PotreePoint CloudLASWebGLExplainer

What is Potree? The Open-Source Point Cloud Viewer Explained

Potree is the open-source WebGL viewer that powers browser-based point cloud visualization. Here's how it works, what it can display, and how to use it for client delivery.

Alex Tolson

Alex Tolson

February 10, 2025

If you’ve ever viewed a point cloud in a browser — a LiDAR scan, a dense photogrammetry cloud, an aerial survey — there’s a reasonable chance you were looking at Potree. It’s the open-source engine that made massive point cloud visualization in browsers possible, and it’s become the standard for this use case.

Here’s what it is, how it works, and what you need to know as someone who creates and delivers point cloud data.

What is Potree?

Potree is an open-source WebGL-based renderer for large point cloud datasets. It was developed by Markus Schütz as part of his PhD research at the Vienna University of Technology (TU Wien) and has been under active development since around 2015.

The project is available on GitHub (potree/potree) under a custom licence that allows free use for non-commercial purposes. Commercial use requires a licence agreement with TU Wien.

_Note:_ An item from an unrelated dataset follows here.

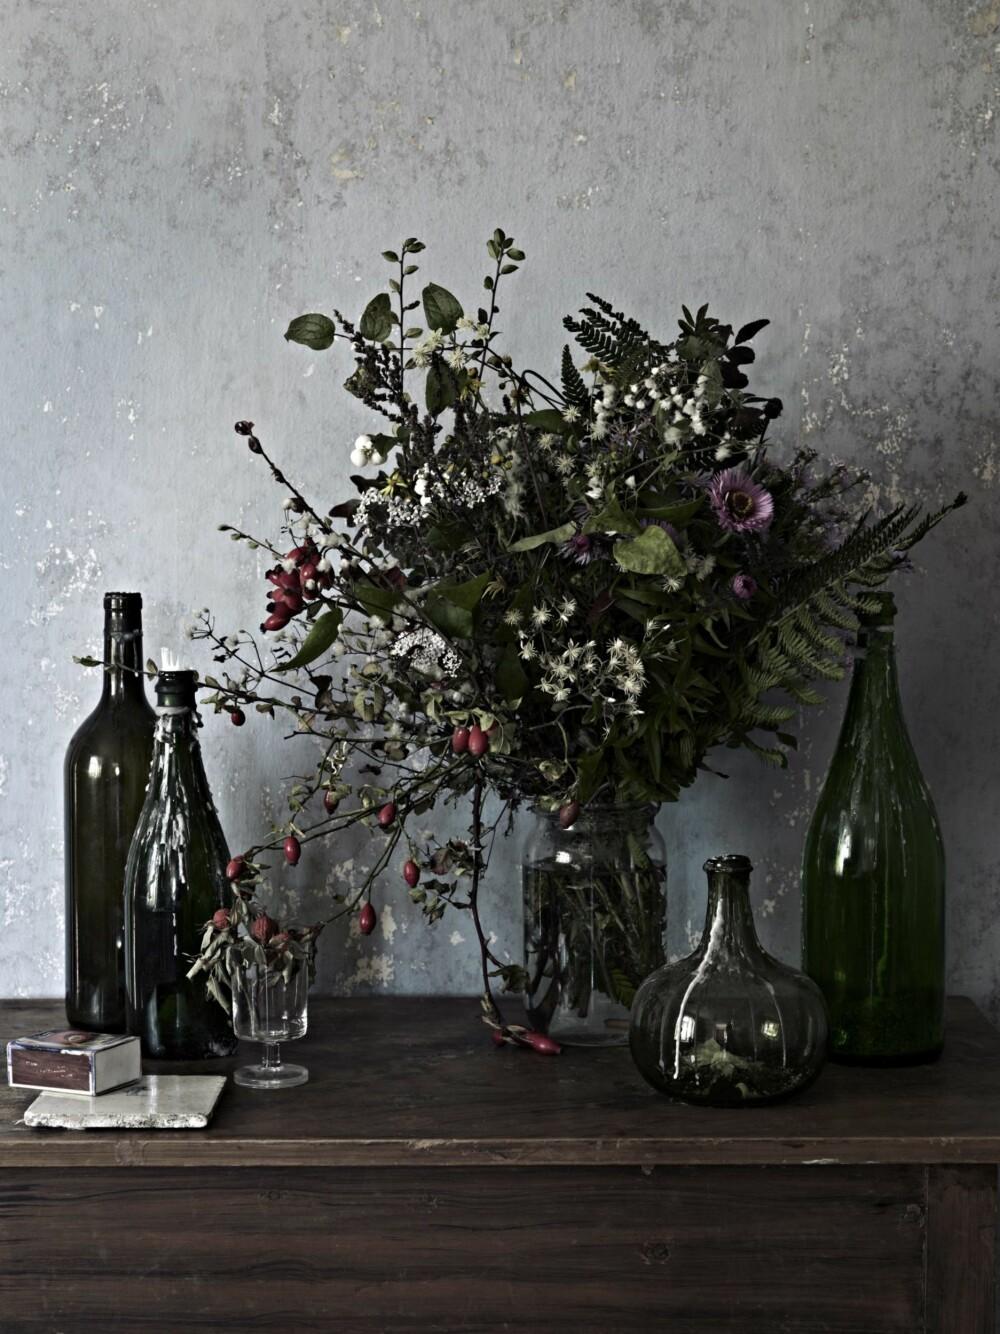 GJENBRUK: Gamle krukker og flasker fungerer som vaser for friske blomster fra hagen.
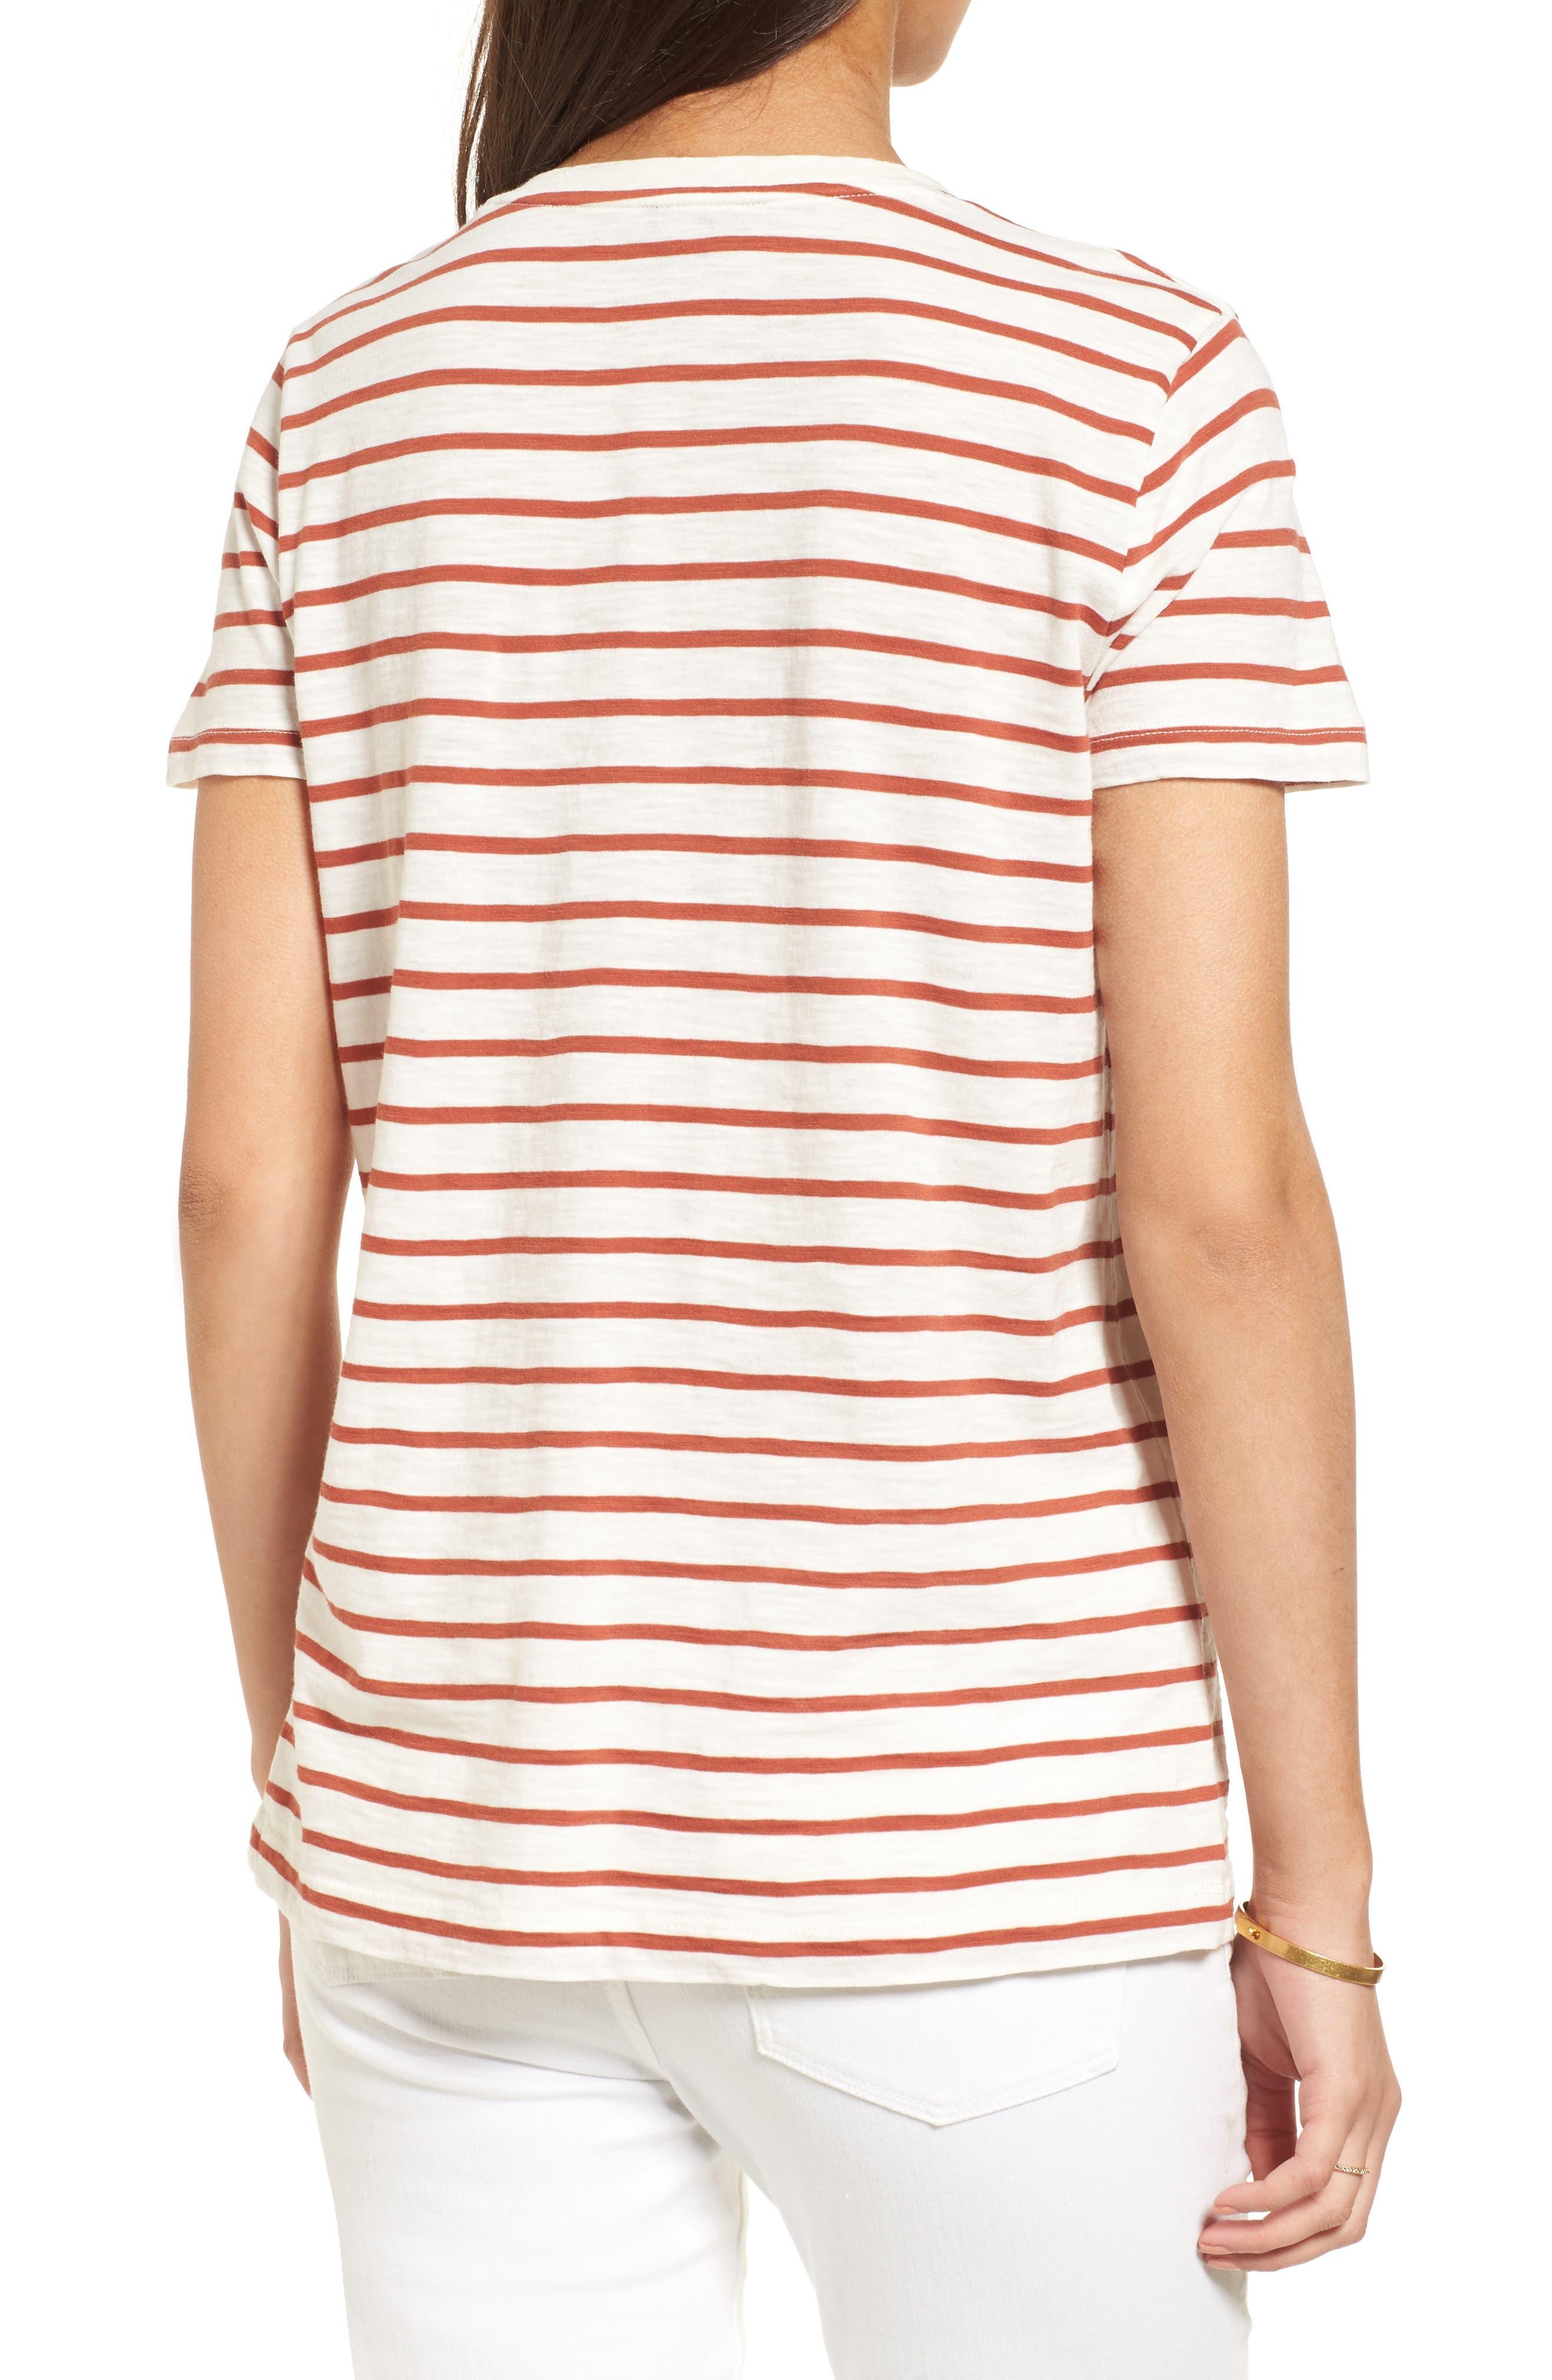 Alternate Image 2  - Madewell Whisper Cotton Stripe V-Neck Tee

Potree is notable because it solved a problem that seemed intractable in 2015: how do you display a billion-point dataset in a browser, in real time, without downloading the entire dataset?

How Potree works

The key innovation in Potree is its streaming octree approach:

  1. PotreeConverter preprocesses your LAS/LAZ file into a hierarchical octree structure — a tree where each node contains a spatial subset of the point cloud at a given resolution
  2. The octree is stored as a set of files in the Potree format (.hrc, .bin, and metadata JSON)
  3. When the browser loads the viewer, it requests only the metadata and the lowest-resolution root node
  4. As you zoom in or navigate, the viewer determines which octree nodes are visible at the current camera position
  5. It requests those nodes from the server, loading higher-resolution detail progressively as you zoom in
  6. Nodes outside the viewport are unloaded to free GPU memory

The result: you can navigate a billion-point dataset on a standard laptop with a consumer GPU, in a browser, with no downloads. The data streams on demand — exactly what’s visible at the current resolution is what gets loaded.

What Potree can display

FeatureSupport
LAS/LAZ conversion (via PotreeConverter)Yes
Point colour (RGB)Yes
Point intensityYes
Point classification (ground, vegetation, buildings)Yes
Multiple point cloudsYes
Annotations and labelsYes
Measurements (distance, area, volume)Yes
Cross-section / profile viewYes
Time-slicing (for time-series point clouds)Limited
VR modeExperimental

Potree is primarily designed for point clouds — not meshes or rasters. For 3D mesh models, CesiumJS (which uses the 3D Tiles standard) is typically more appropriate.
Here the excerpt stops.